To prevail on a claim of ineffective assistance of counsel, an appellant must show "(1) counsel's performance was deficient because it fell below an objective standard of reasonableness under prevailing professional norms, and (2) counsel's deficiencies resulted in prejudice." (People v. Centeno (2014) 60 Cal.4th 659, 674.) "Prejudice requires `a reasonable probability that a more favorable outcome would have resulted . . ., i.e., a probability sufficient to undermine confidence in the outcome.'" (People v. Fairbank (1997) 16 Cal.4th 1223, 1241.) An appellate court may forgo the analysis of counsel's performance if it is easier to dispose of the claim for lack of prejudice, which we choose to do here. (Ibid.)
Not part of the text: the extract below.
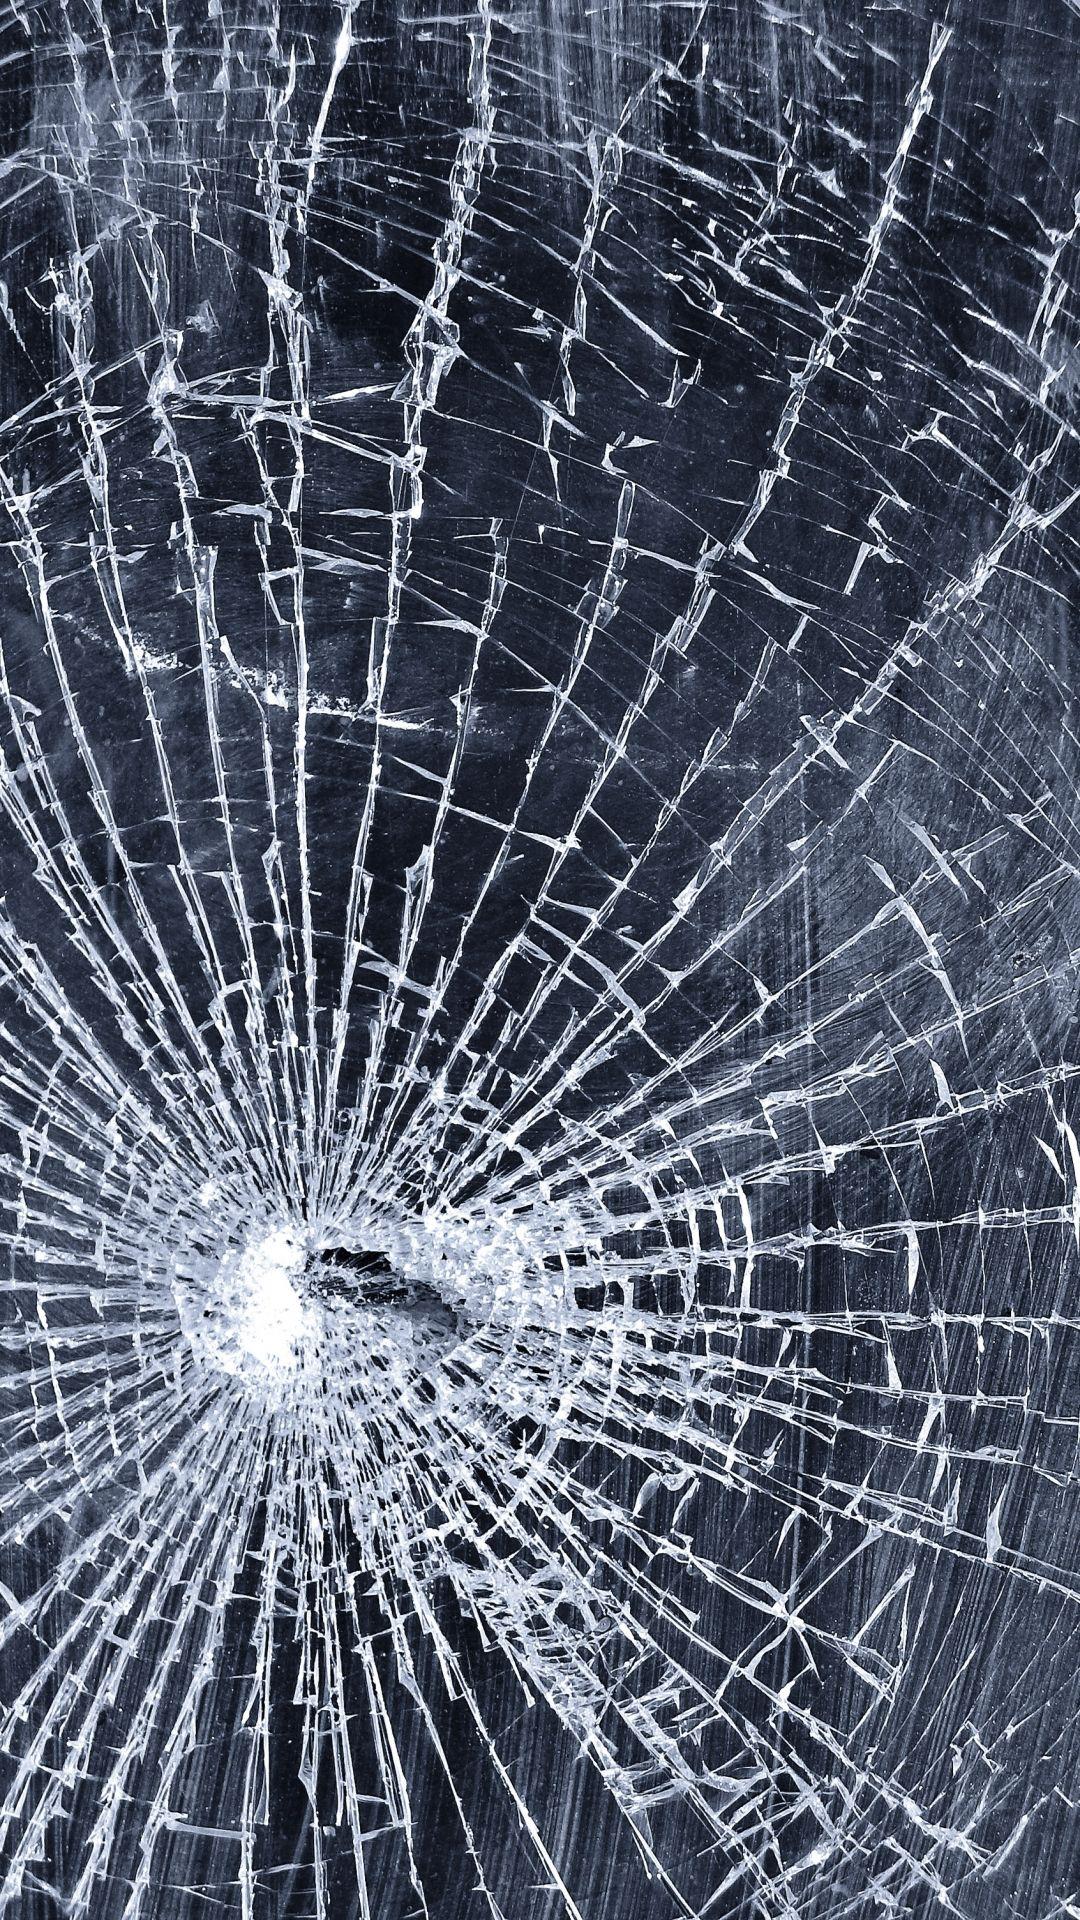 Realistic Cracked Screen Wallpaper Mobile Broken Screen Wallpaper Broken Glass Wallpaper Screen Wallpaper Hd
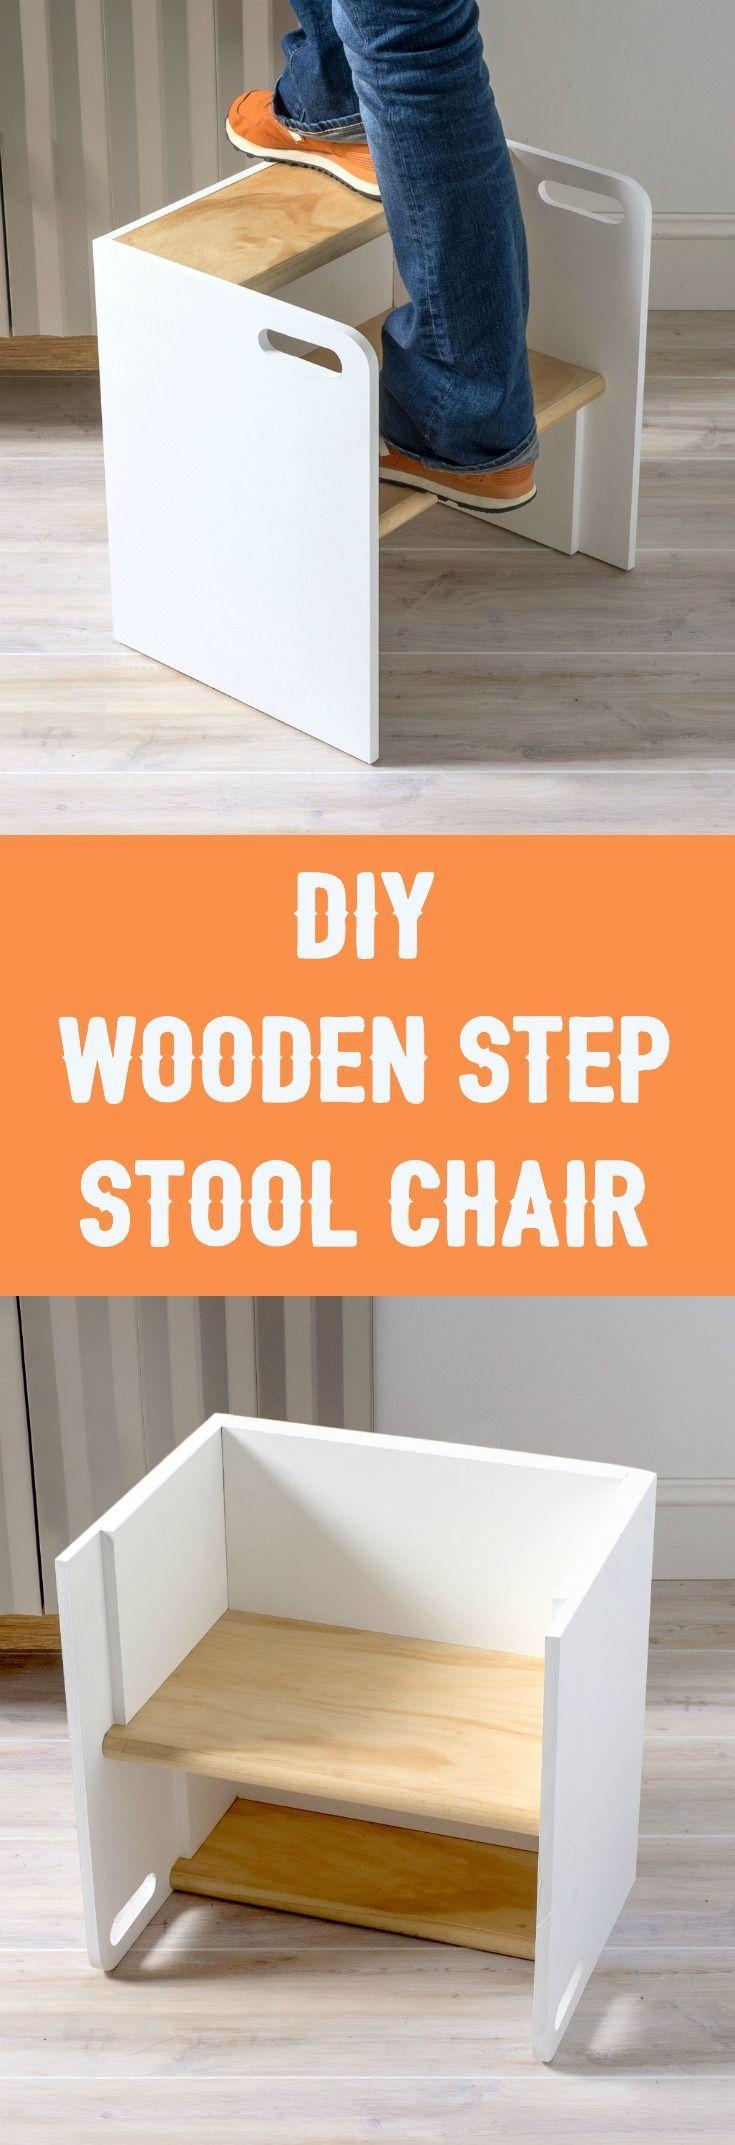 Wooden dollhouse step foot stool wood footstool stepstool furniture - Diy Wooden Step Stool Chair

We are again mindful of certain presumptions. "The general rule is that a trial court is presumed to have been aware of and followed the applicable law. [Citations]. These general rules concerning the presumption of regularity of judicial exercises of discretion apply to sentencing issues." (People v. Mosley (1997) 53 Cal.App.4th 489, 496.) The record does not suggest that the trial court was unaware of its discretion to impose concurrent sentences on counts 2, 3, and 4. The record does show the trial court's inclination to impose consecutive sentences on those counts. Vanness's claim is based on wishful thinking. Had defense counsel requested a statement of reasons, the most likely scenario would have involved the trial court following its original inclination and identifying a valid reason for its sentencing choice (e.g., because Vanness took advantage of a position of trust or confidence to commit the offenses). We therefore reject the claim of ineffective assistance of counsel for lack of demonstrable prejudice.


The judgment is affirmed.

PEÑA, J. and SMITH, J., concurs.


1. We refer to the stepdaughters by their first name and last initial, and subsequently by first name only, in the interest of victim anonymity. (See Cal. Rules of Court, rule 8.90(b)(4), (11).) We refer to Vanness's former nieces in the same manner out of respect for their privacy. (Id., rule 8.90(b)(10).)
2. The following stipulation was recited at the close of evidence: "The Tulare County District Attorney's Office, as well as the Tulare County Sheriff's Office, has made diligent attempts to locate the CART interviews of Nicole F. and Courtney L. from 1997. Those interviews could not be located. There is no evidence of bad faith or destruction of evidence [of] these interviews by either of these agencies. [¶] The Tulare County District Attorney's Office, as well as the Tulare County Sheriff's Office, also made diligent attempts to locate the SART reports of Nicole F. and Courtney L. from 1997. Those reports could not be located. Pursuant to [an investigating officer's police report], the examinations revealed no specific findings and were consistent with history. . . ."
3. All subsequent rule references are to the California Rules of Court.